As did her reference to crocodiles, which in the full quote was a reference to the insatiable demands of republicans, not Irish speakers.
This is patently true. Be clear that if a ‘minimal’ Irish language Act is agreed, in a decade there will be a demand for a more aggressive one, and if that is denied (which it must be) there will be fresh crisis and pressure on unionists to compromise.
Finally yesterday on The View, Mrs Foster stood up to some of this nonsense with her reaction.
I mentioned on radio my sense that Sinn Fein’s triumphalist conduct since March 2 was a risky strategy.
It is accepted wisdom that Mrs Foster drove nationalists to the polls. We will see next month whether unionists have been driven to the polls.
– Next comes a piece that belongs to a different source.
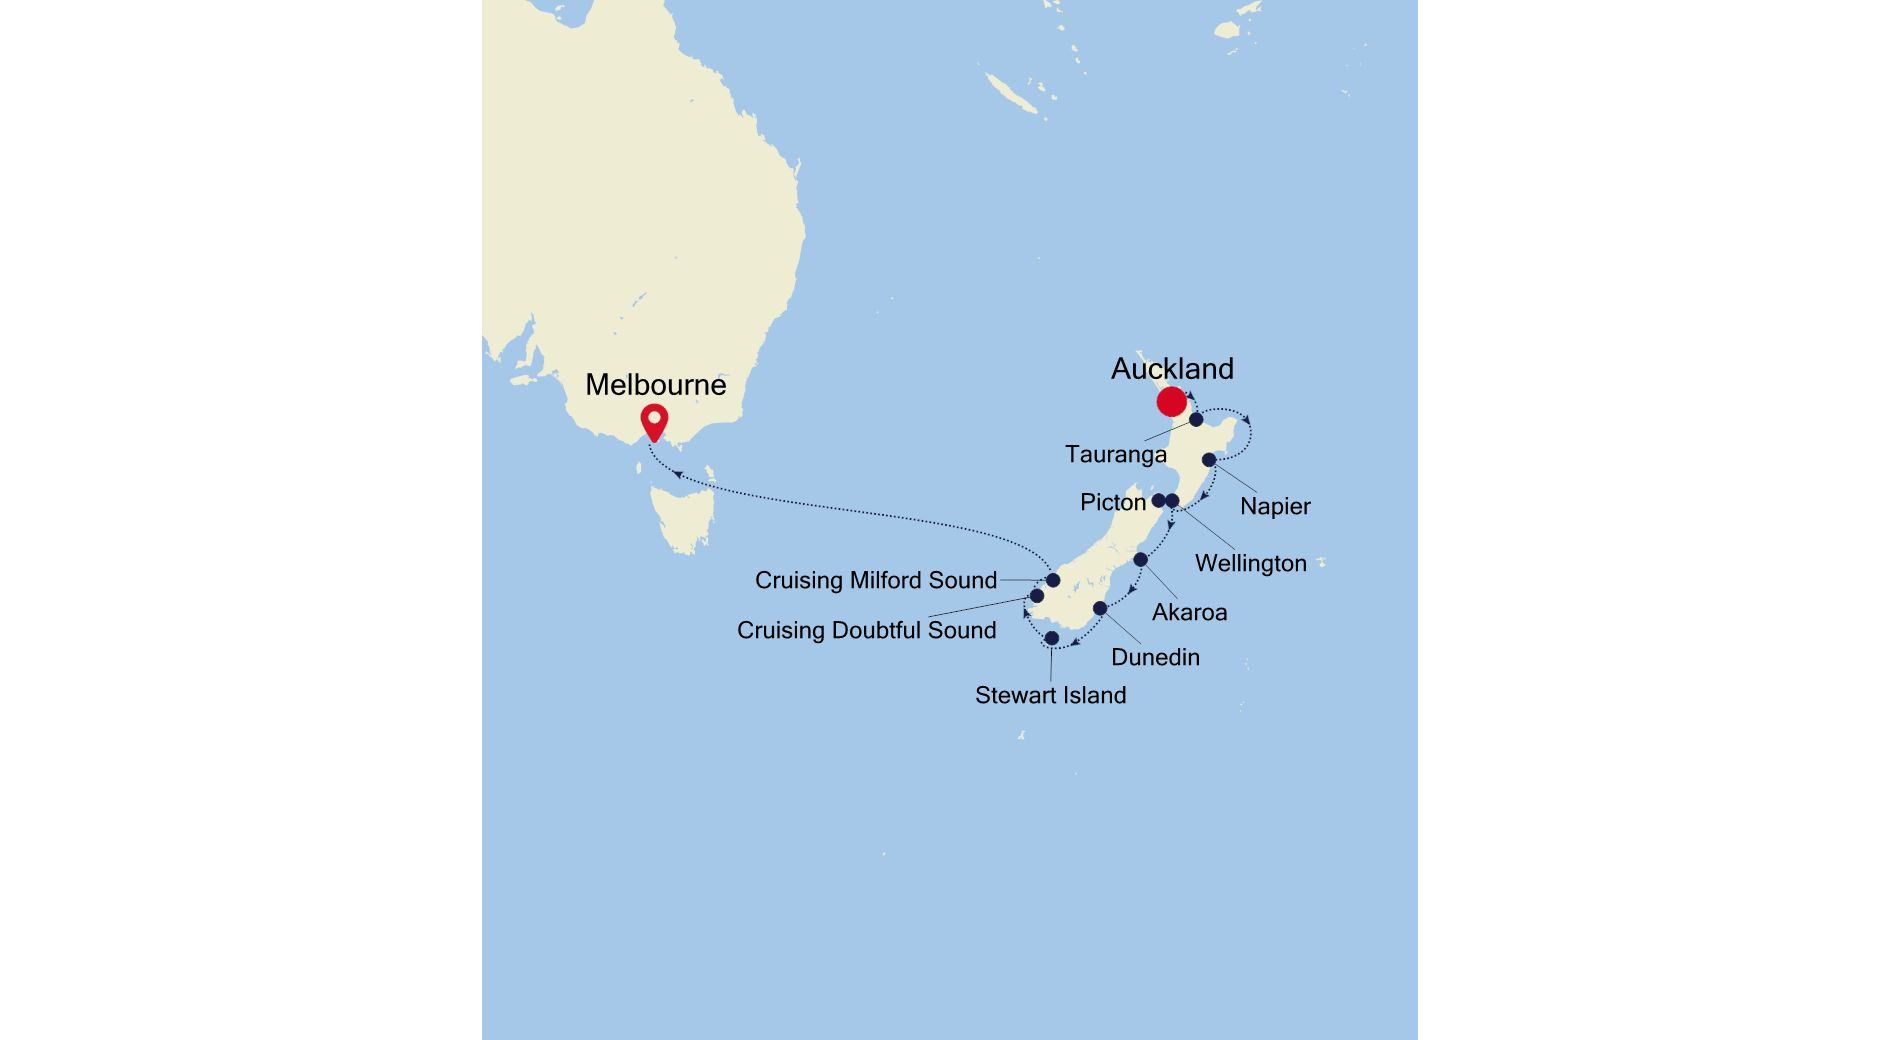 SS220320S13 - Auckland nach Melbourne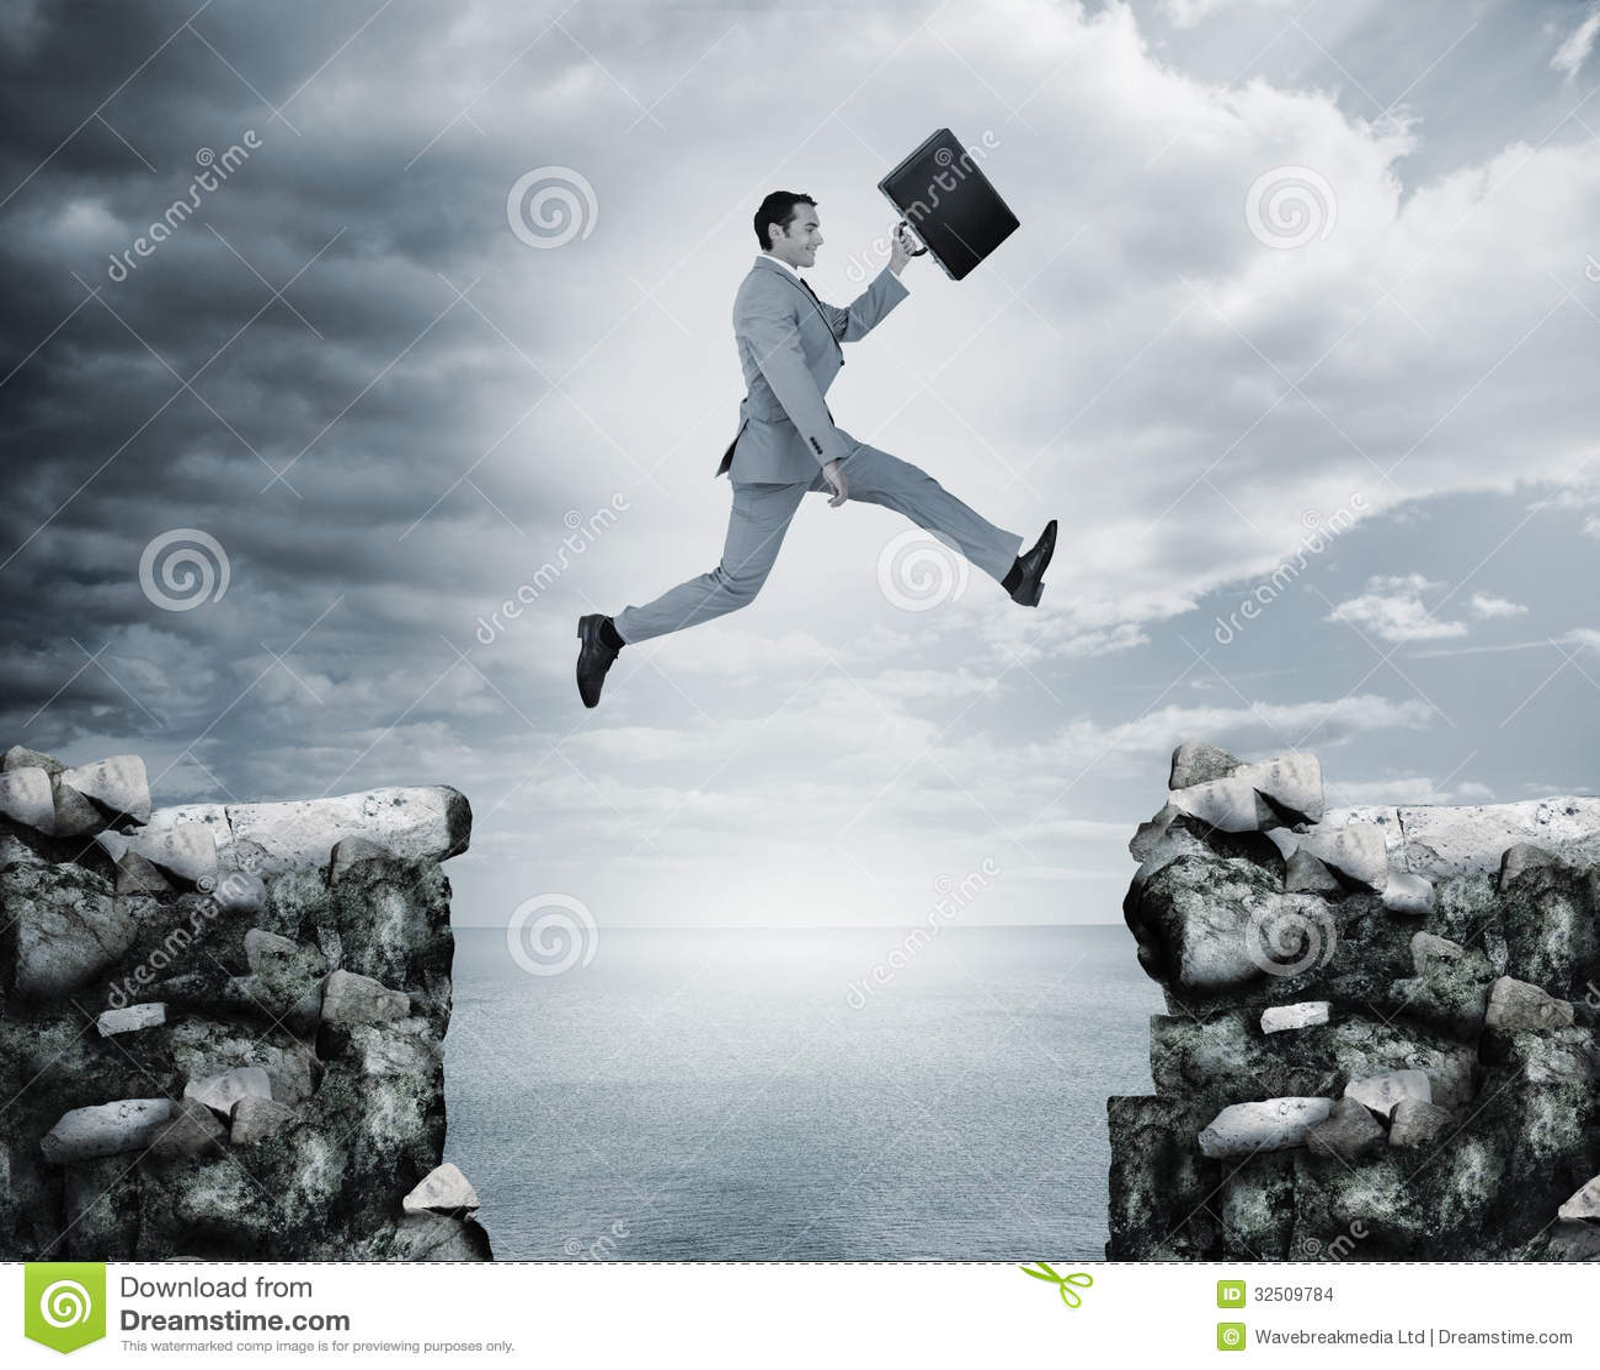 Businessman Quotes Wallpaper Businessman Jumping A Gap Between Cliffs Stock Images

If unionism is not motivated after recent developments then it is fair to say unionism is in deep trouble.
If however unionists hold most of their seats and if Theresa May returns to government with a large majority, then it is safe to assume that there will be broad agreement between London and unionists that there the destabilising wing of Sinn Fein is not going to get any reward for its tactics.
I say ‘wing’ because I do not doubt there Sinn Fein folk like the late Martin McGuinness and Daithi McKay, who was on Nolan yesterday (but is no longer in the party), who are willing to make Stormont work.
It is hardly a surprise that there is another element, that wants Stormont to fail. Passionately wanting an Irish Republic is obviously an entirely legitimate project.
But only 28% of voters here back Sinn Fein,and even if that rises to 30% there will still be 70% of voters who are not republican. The former should not be allowed to dictate what happens here.